Dell PowerVault ME4 Series Storage System CLI Guide

Using a script to access the CLI

Basic command-line semantics provide prompts for user input, and response time is indeterminate. Scripts need to use an “expect”-type mechanism to scan output for prompts. It is recommended and more efficient to use the HTTP interface to access the API.

Two login methods are supported:

• HTTPS authentication using an SHA256 hash to return a session key that is sent for each request. The session key is valid has a 30-minute inactivity timeout. Use of SHA256 is now recommended instead of MD5, which is deprecated.

  To log in to the HTTPS API, the username and password must be joined with an underscore as a separator (username_password). The username and password is then sent through an SHA256 hash. The SHA256 hash is represented in lower case hexadecimal format. This string is appended to the login function for the API, https://IP-address/api/login/hash. For example:

  https://10.0.0.2/api/login/539e12f63b693a9970a97b885e857f8b

• HTTPS basic authentication using the Authorization header. If this login method is used, the username and password must be joined with a ‘:’ (username:password) and then encoded in Base64. For example:

  Authorization: Basic base64-string

  Use the following URL for basic authentication:

  https://IP-address/api/login

For both methods, the response that is returned is in XML and the content contains an OBJECT element. Within the OBJECT element, a PROPERTY element with the name attribute of response contains the session key. These XML API elements are described in Table 1.

The following example shows how to construct a Perl script to communicate with the XML API using HTTPS:

# export HTTPS_CA_FILE=path-to-certificate

# Include required libraries
 use LWP::UserAgent;
 use Digest::SHA qw(sha256_hex); 
 use XML::LibXML;

# Generate the login hash used to authenticate the user. The username 
# and password are hard coded here to illustrate the requirements for the string.
# The user name and password must be joined with an underscore.

my $auth_data = "username_password";
my $sha256_hash = sha256_hex( $auth_data );

# Create a user agent for sending https requests and generate a request object.

$user_agent = LWP::UserAgent->new( );
$url = 'https://IP-address/api/login/' . $sha256_hash;
$request = HTTP::Request->new( GET => $url );

# Send the request object to the system. The response will be returned.
$response = $user_agent->request($request);

# Once the script has logged in, the response returns back a session key.
# This code shows how to retrieve that session key.

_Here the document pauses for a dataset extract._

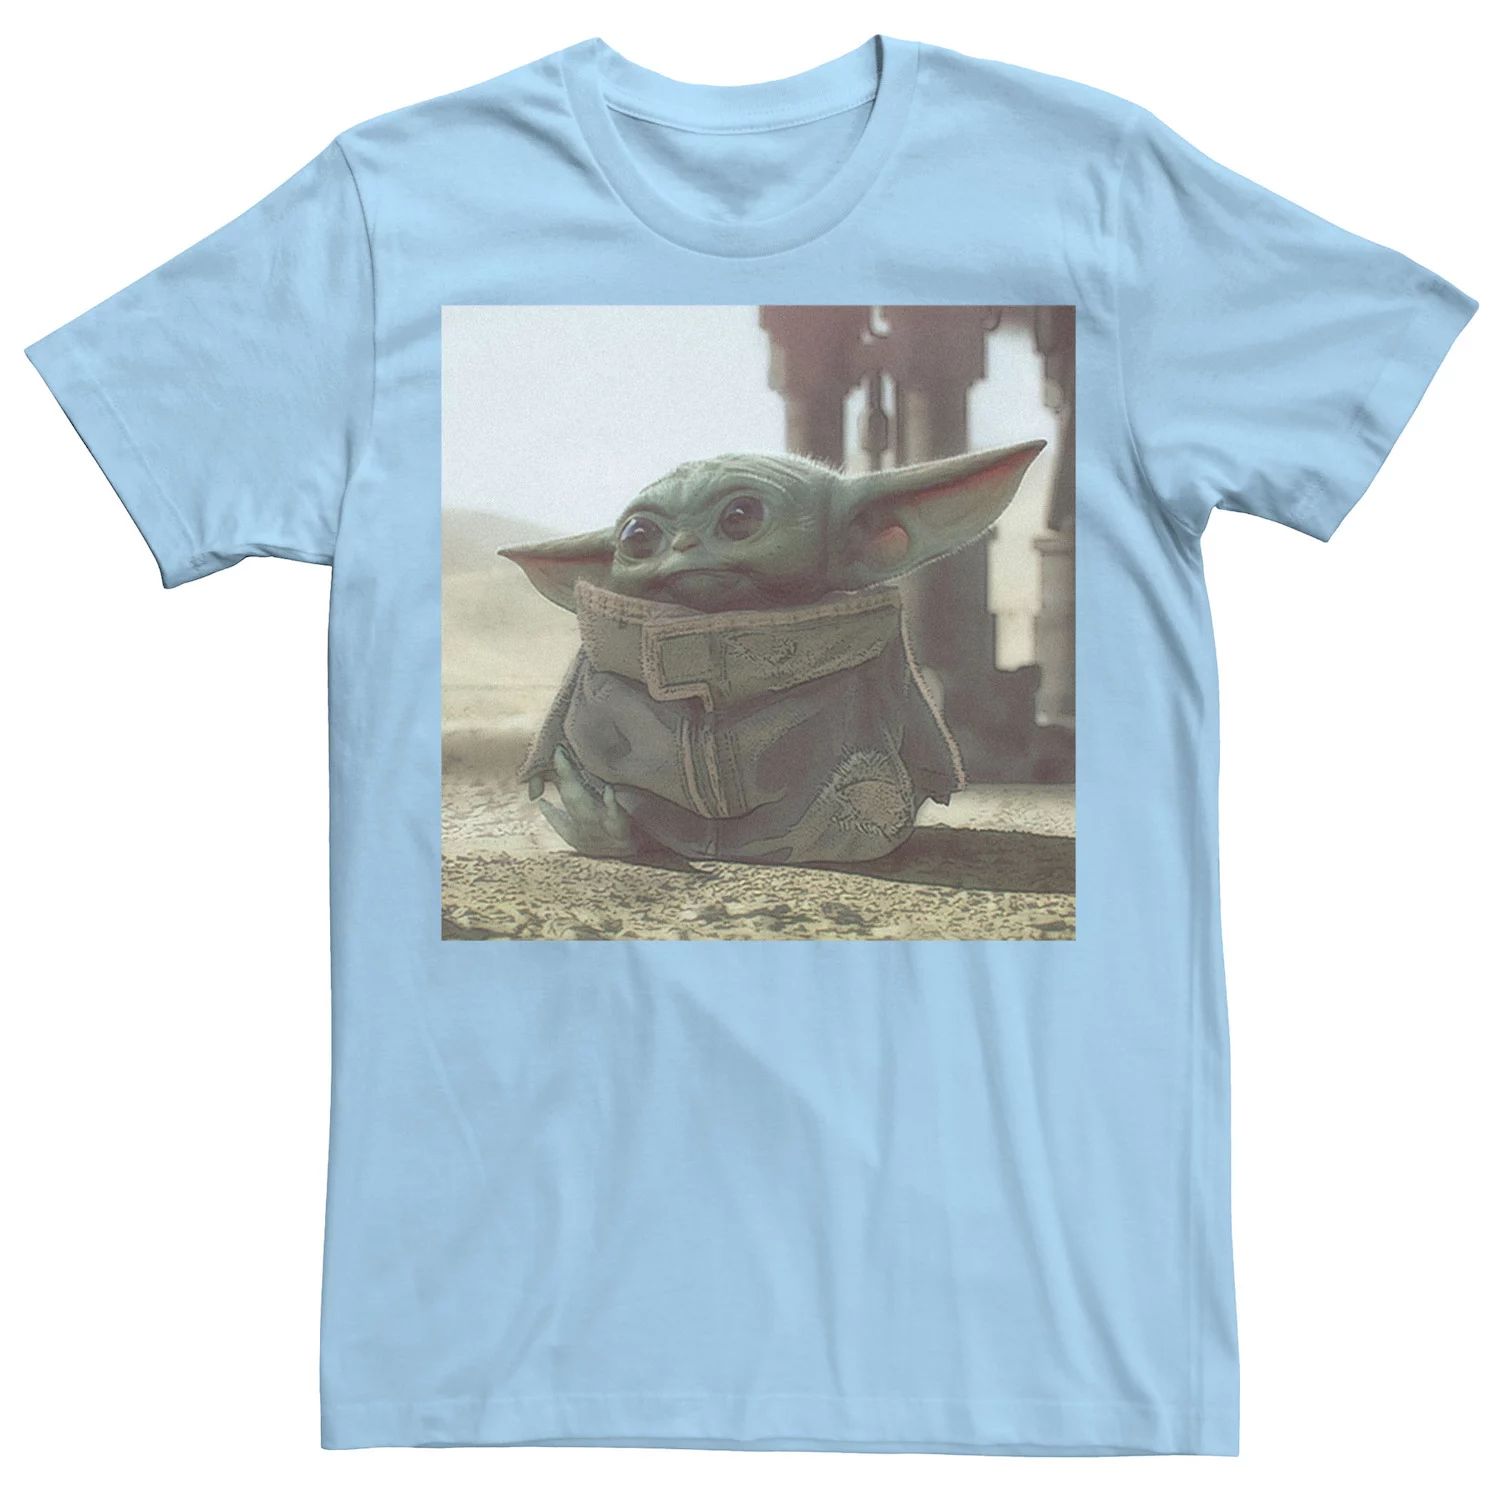 Мужская футболка с плакатом «Звездные войны, мандалорец, ребенок, известный как Малыш Йода» Star Wars, светло-синий

my $parser = XML::LibXML->new();
my $document = $parser->parse_string( $response->content );

my $root = $document->getDocumentElement;
my @objects = $root->getElementsByTagName( 'OBJECT' );
my @properties = $objects[0]->getElementsByTagName( 'PROPERTY' ); 
my $sessionKey;
foreach my $property ( @properties ) {
my $name = $property->getAttribute( 'name' );

if( $name eq 'response' ) {
$sessionKey = $property->textContent;
}
}

The following example shows how to construct a Python script to communicate with the JSON API using HTTPS:

import sys 
import requests 
import json 
import hashlib

# NOTE: This is to suppress the insecure connection warning for certificate
# verification.
from requests.packages.urllib3.exceptions import InsecureRequestWarning 
requests.packages.urllib3.disable_warnings(InsecureRequestWarning)

url = "https://IP-address"
auth_string = hashlib.sha256('username_password').hexdigest()

# Login and obtain the session key. 
headers = {'datatype':'json'}
r = requests.get(url + '/api/login/' + auth_string, headers=headers, verify=False ) 
response = json.loads(r.content)
sessionKey = response['status'][0]['response']

# Obtain the health of the system
headers = {'sessionKey': sessionKey, 'datatype':'json'}
r = requests.get(url+'/api/show/system', headers=headers, verify=False) 
print r.content
response = json.loads(r.content)
print "Health = " + response['system'][0]['health']

The following code segment shows how to get the entire configuration information from the CLI and print the output using the ipa option for XML output:

$url = 'https://IP-address/api/show/configuration';
$request = HTTP::Request->new(GET => $url );
$request->header('sessionKey' => $sessionKey );
$request->header('dataType' => 'ipa' );

$response = $user_agent->request( $request ); 
print $response->content;

Alternatively, the dataType in the request header can be set to json for JSON output, or to console for standard CLI text output. Do not use the console output should for parsing. However, the console output can be useful for tabular reports that are obtained directly from the CLI commands.